Data segment »
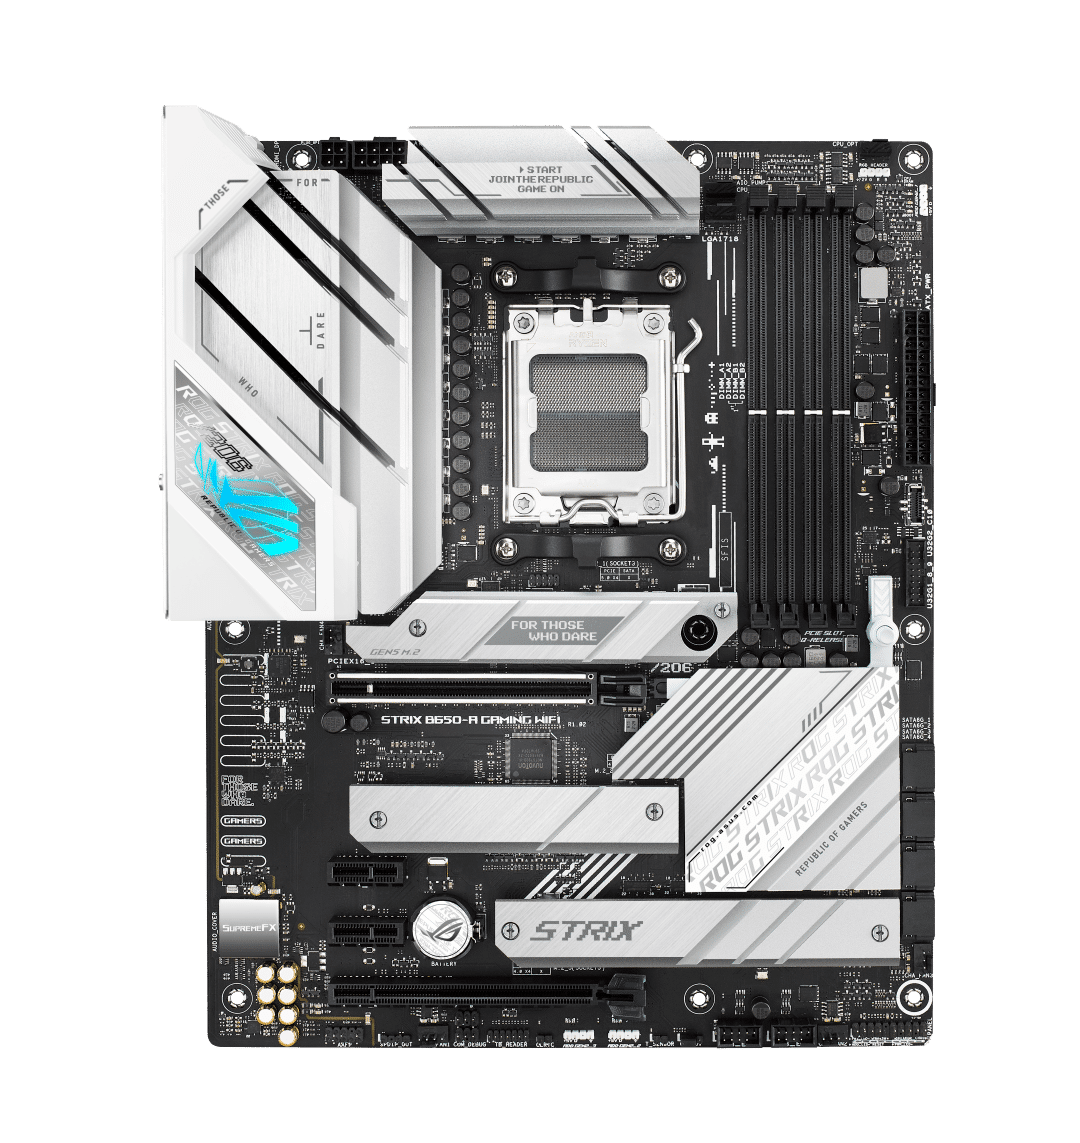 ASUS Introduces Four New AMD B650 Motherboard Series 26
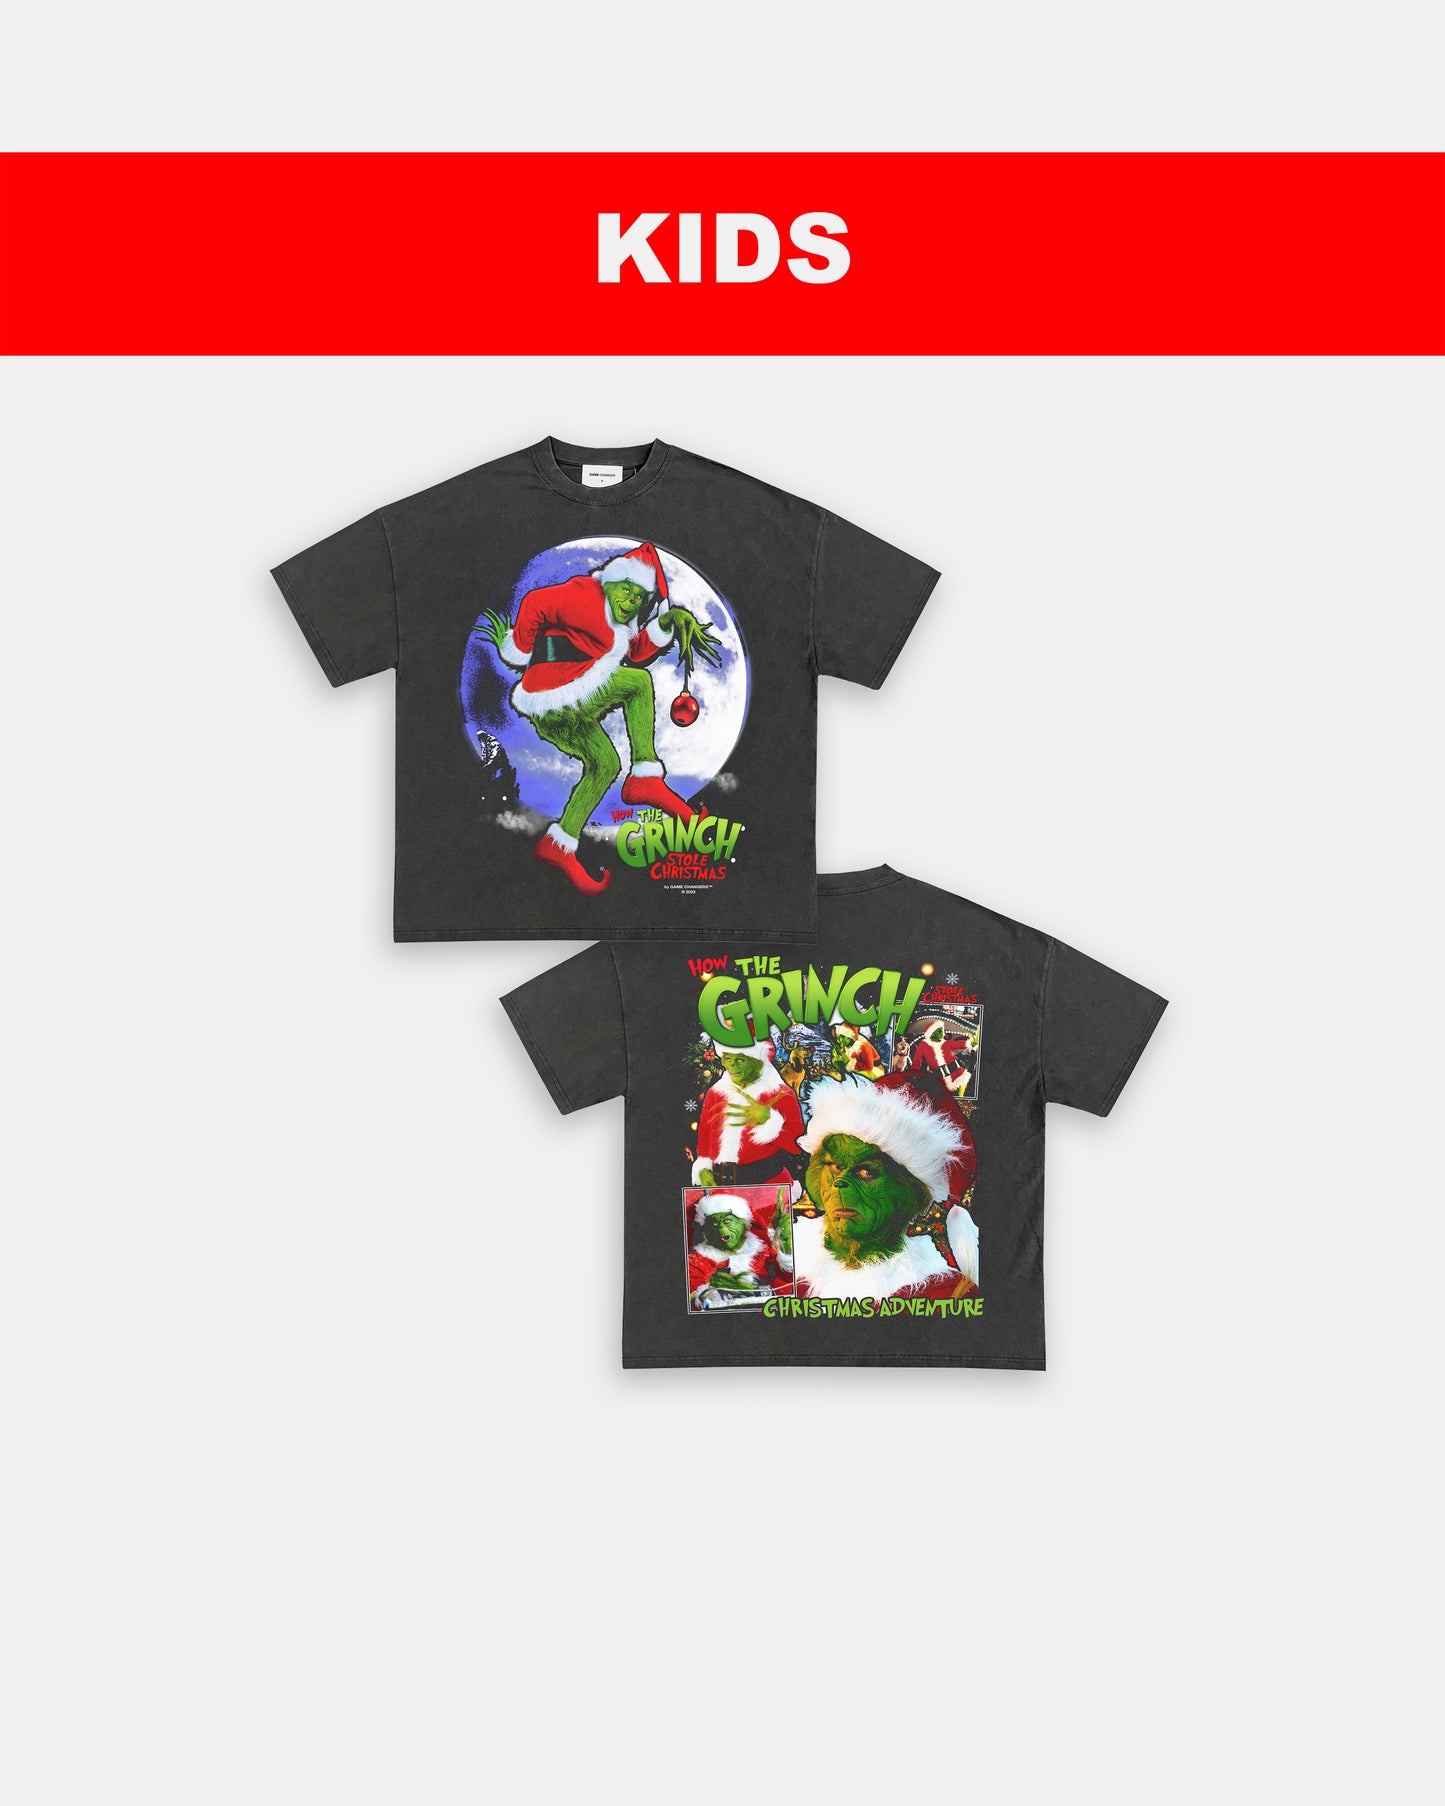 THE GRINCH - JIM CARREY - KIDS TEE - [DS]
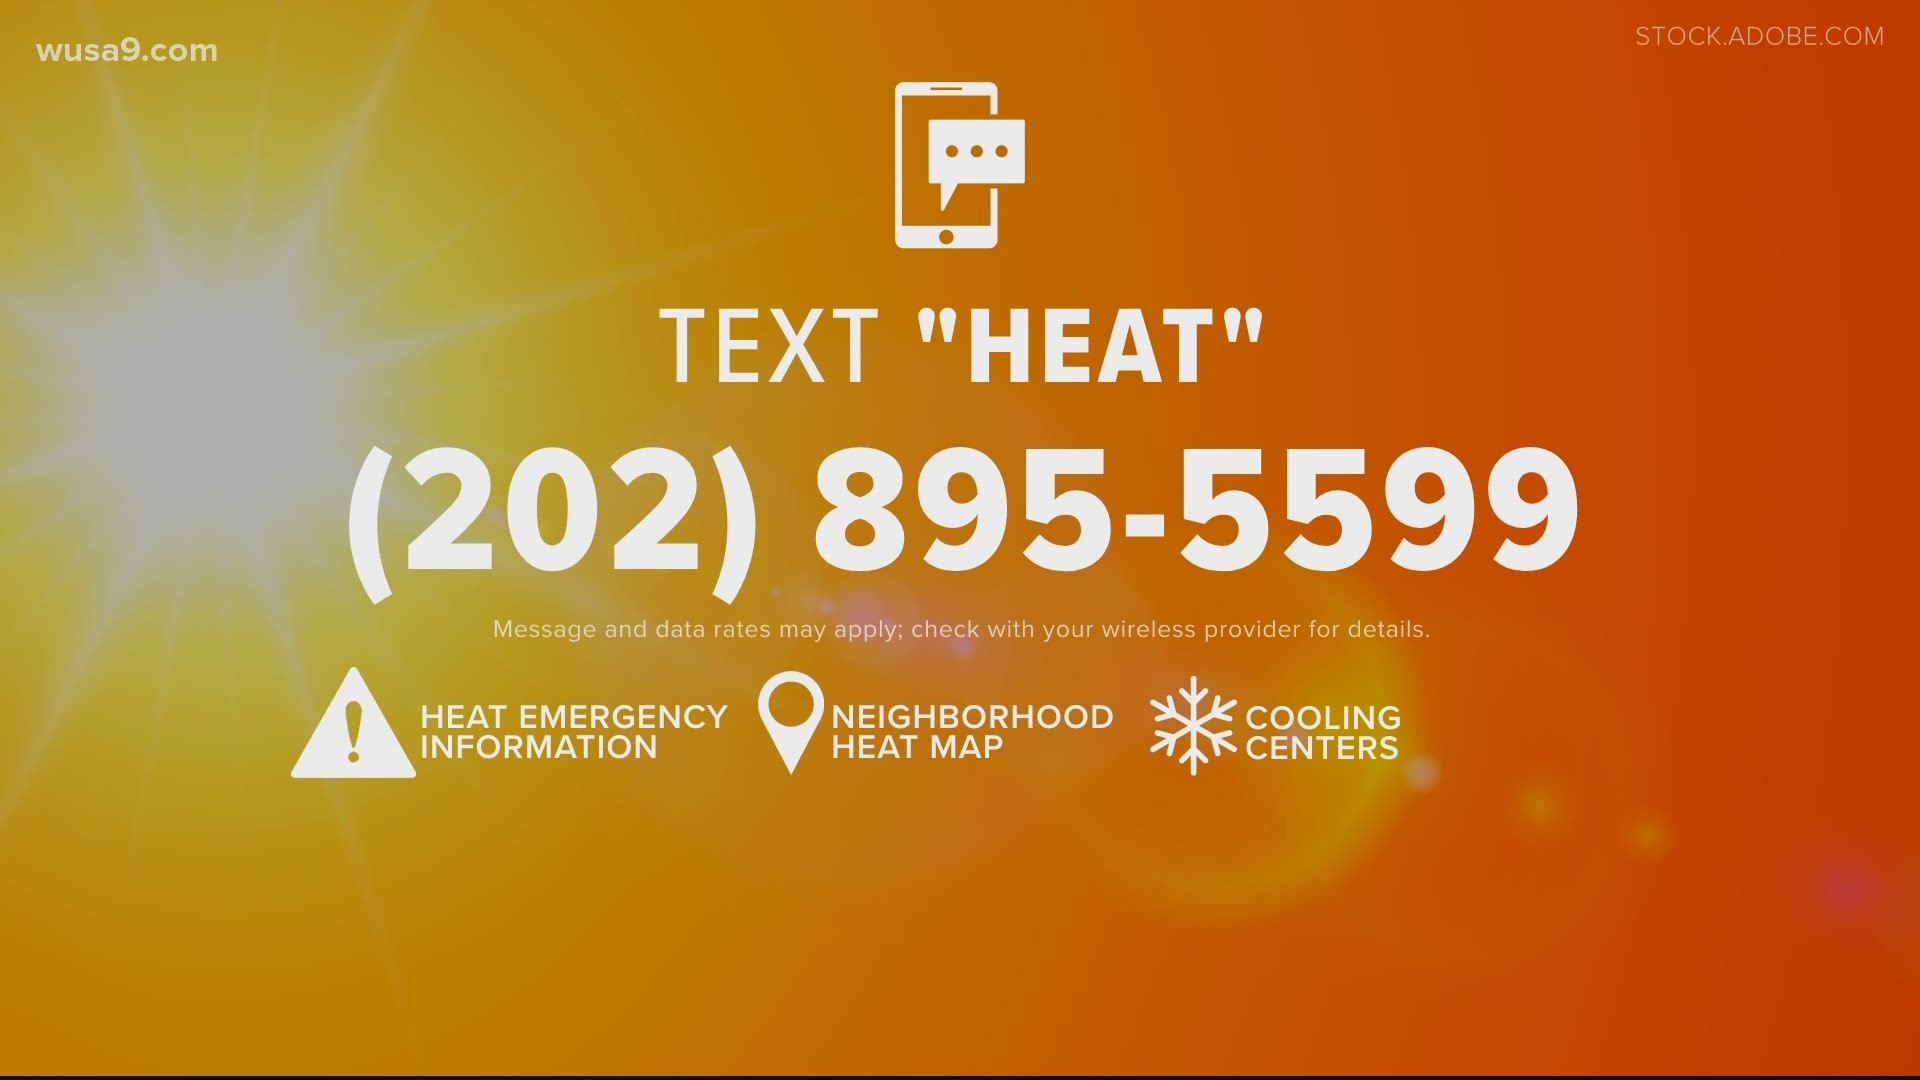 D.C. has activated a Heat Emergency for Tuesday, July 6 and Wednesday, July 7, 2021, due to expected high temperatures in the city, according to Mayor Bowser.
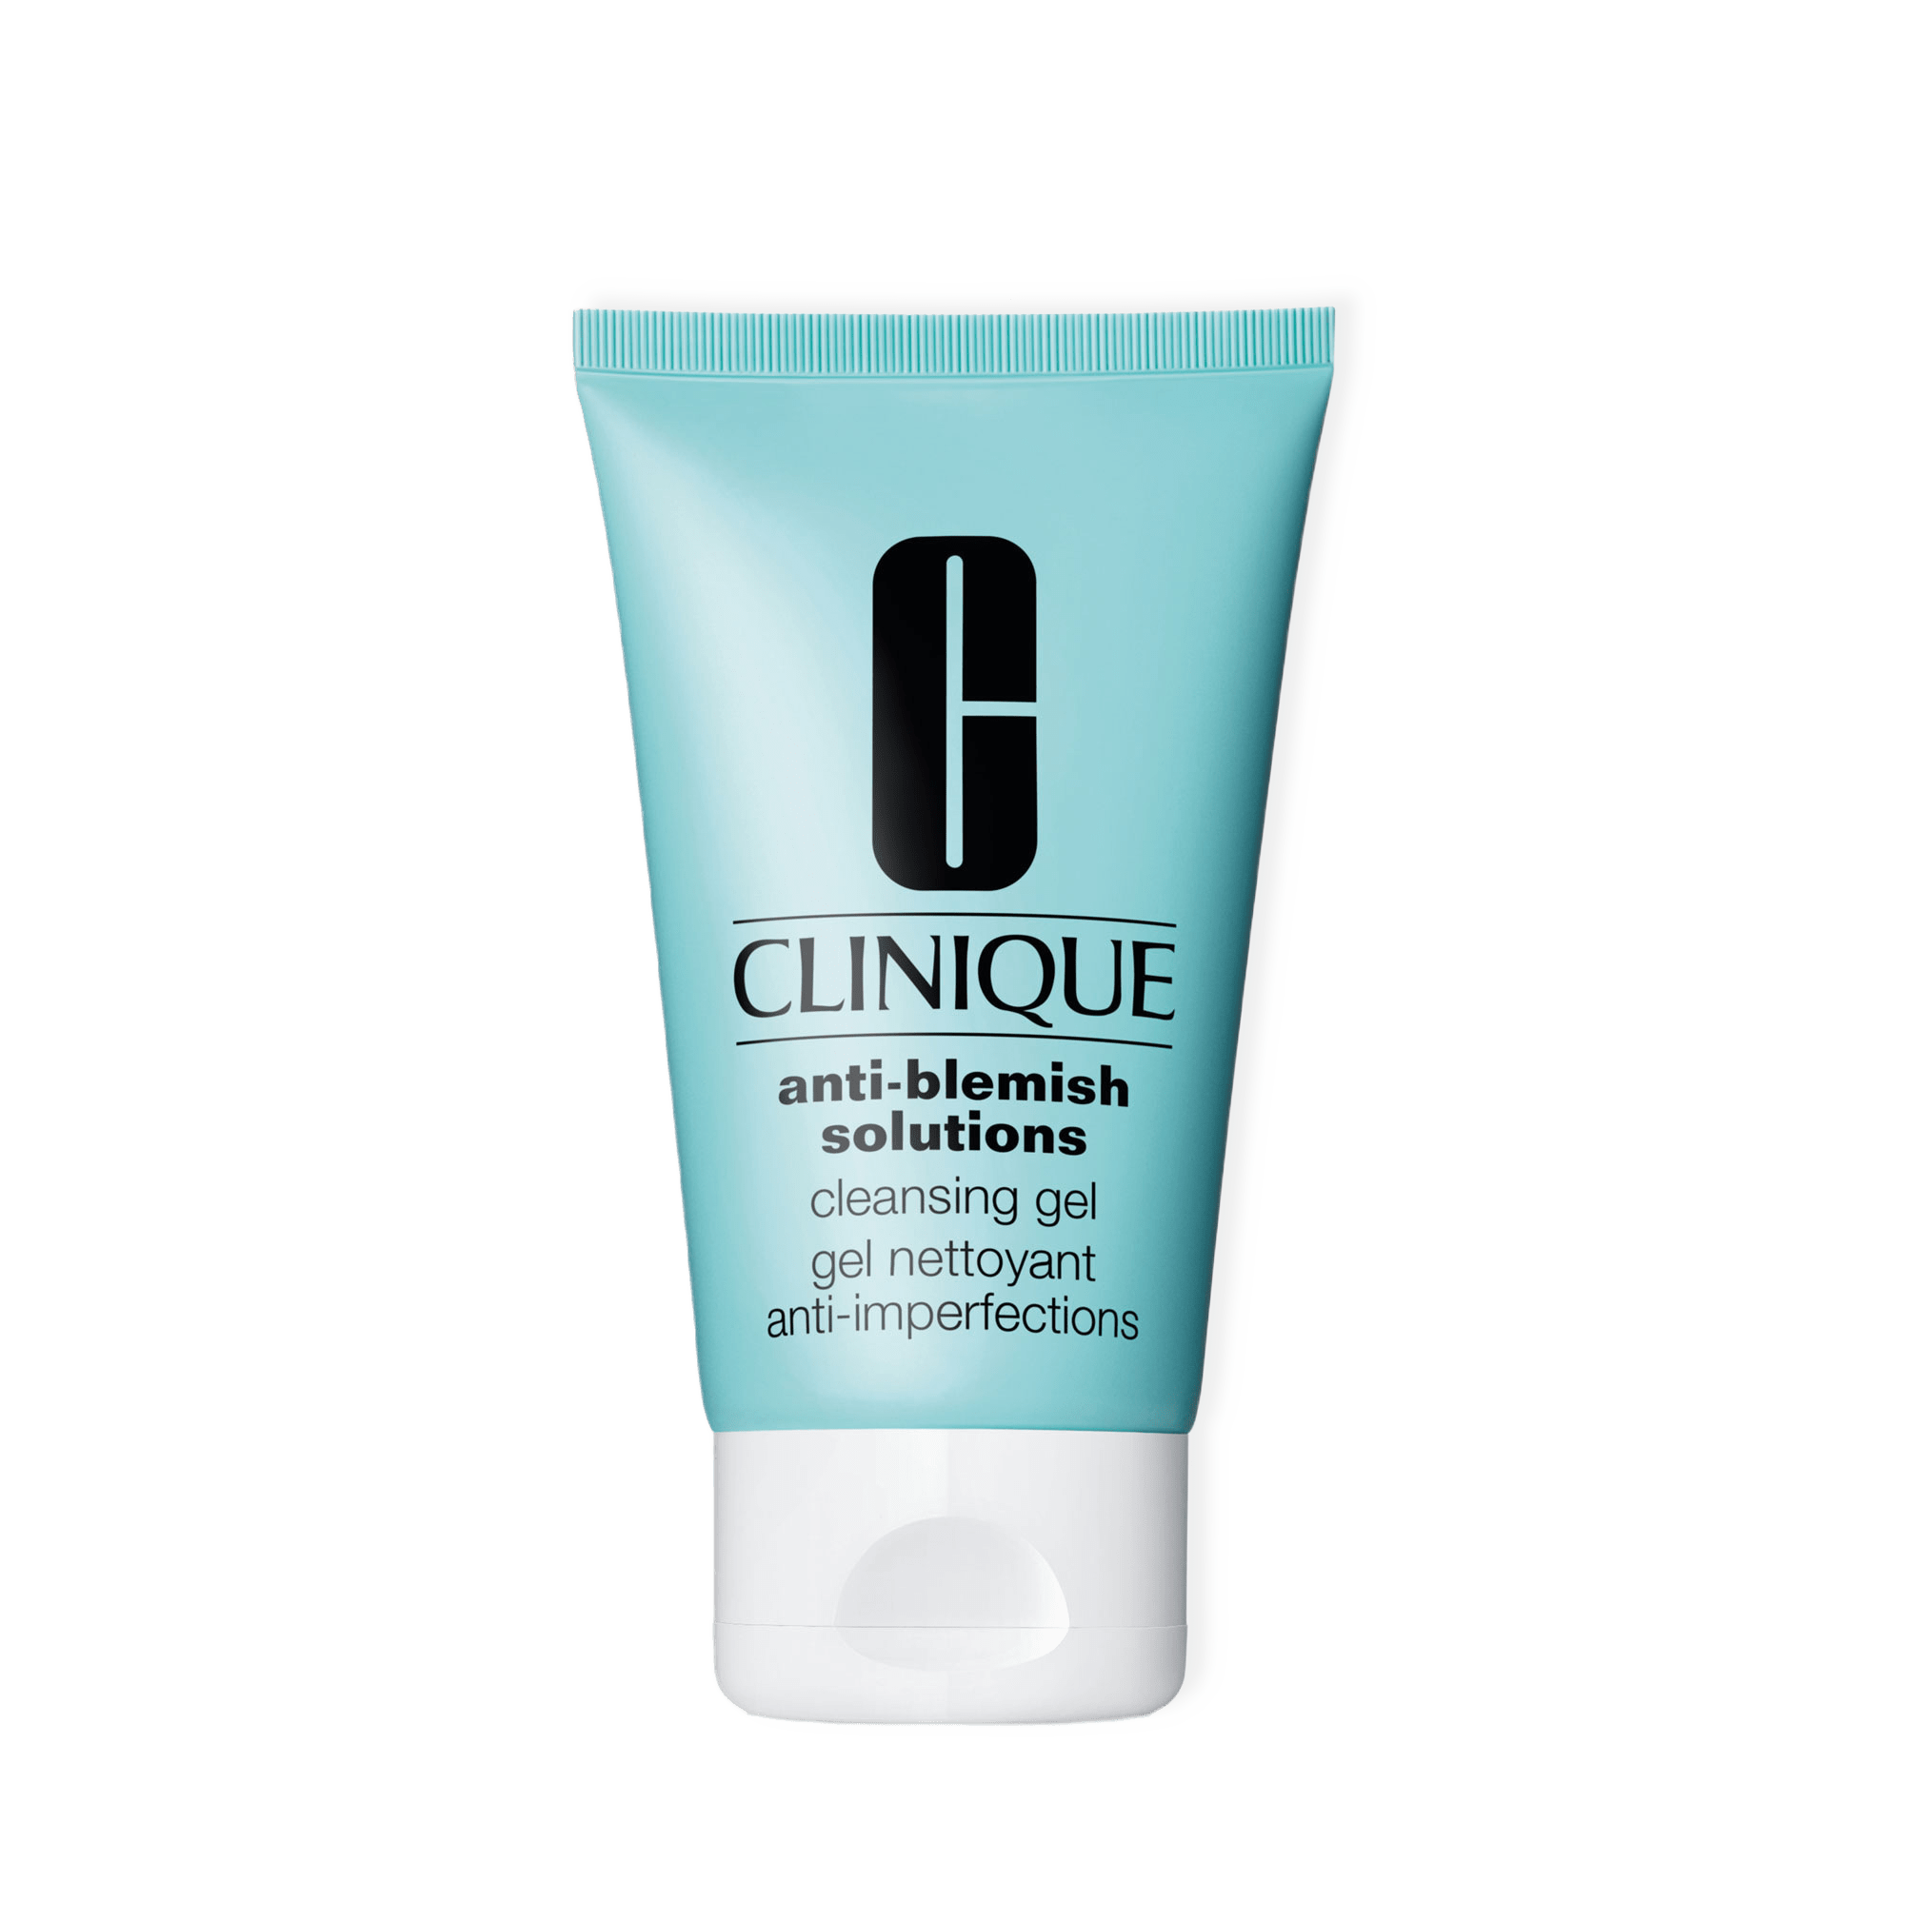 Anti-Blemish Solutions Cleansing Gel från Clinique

Your instructions »
Omit the pictures and write out the lines above from the one with "THE GRINCH - JIM CARREY - KIDS TEE - [DS]" through the last, unchanged.

Solution to this problem »
 THE GRINCH - JIM CARREY - KIDS TEE - [DS]
 D.C. has activated a Heat Emergency for Tuesday, July 6 and Wednesday, July 7, 2021, due to expected high temperatures in the city, according to Mayor Bowser.
 Anti-Blemish Solutions Cleansing Gel från Clinique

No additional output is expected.